Con la tempestad, se cayó el maquillaje de esos estereotipos con los que disfrazábamos nuestros egos siempre pretenciosos de querer aparentar; y dejó al descubierto, una vez más, esa (bendita) pertenencia común de la que no podemos ni queremos evadirnos; esa pertenencia de hermanos.

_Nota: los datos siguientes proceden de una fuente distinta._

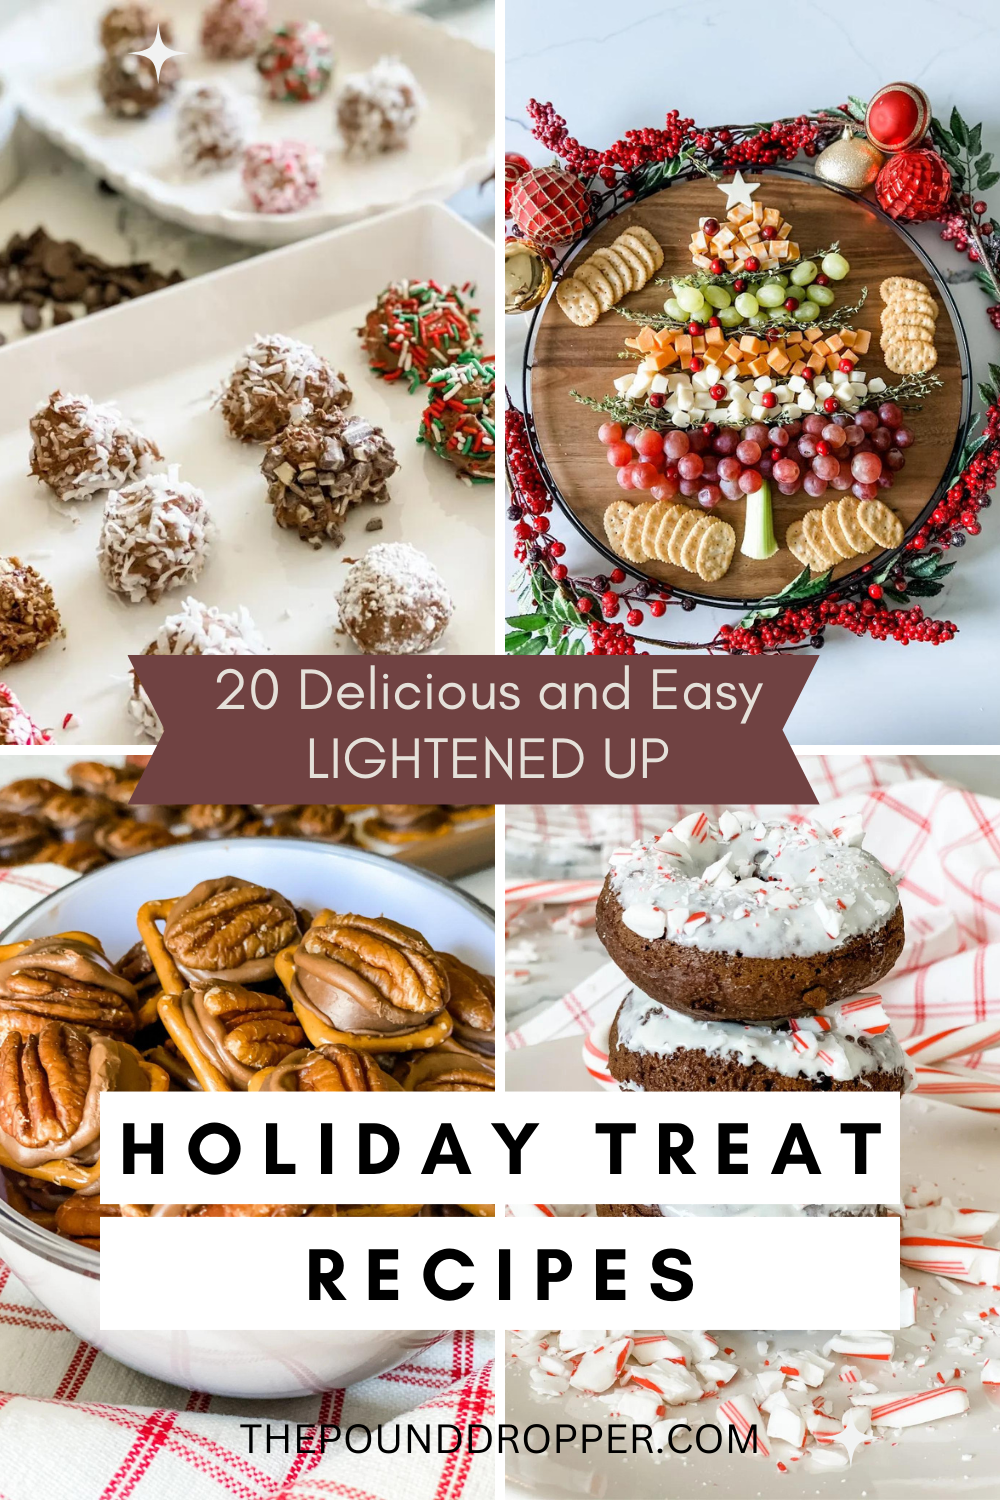 20 Lightened Up Holiday Treat Recipes via @pounddropper

«¿Por qué tenéis miedo? ¿Aún no tenéis fe?». Señor, esta tarde tu Palabra nos interpela se dirige a todos. En nuestro mundo, que Tú amas más que nosotros, hemos avanzado rápidamente, sintiéndonos fuertes y capaces de todo. Codiciosos de ganancias, nos hemos dejado absorber por lo material y trastornar por la prisa. No nos hemos detenido ante tus llamadas, no nos hemos despertado ante guerras e injusticias del mundo, no hemos escuchado el grito de los pobres y de nuestro planeta gravemente enfermo. Hemos continuado imperturbables, pensando en mantenernos siempre sanos en un mundo enfermo. Ahora, mientras estamos en mares agitados, te suplicamos: “Despierta, Señor”.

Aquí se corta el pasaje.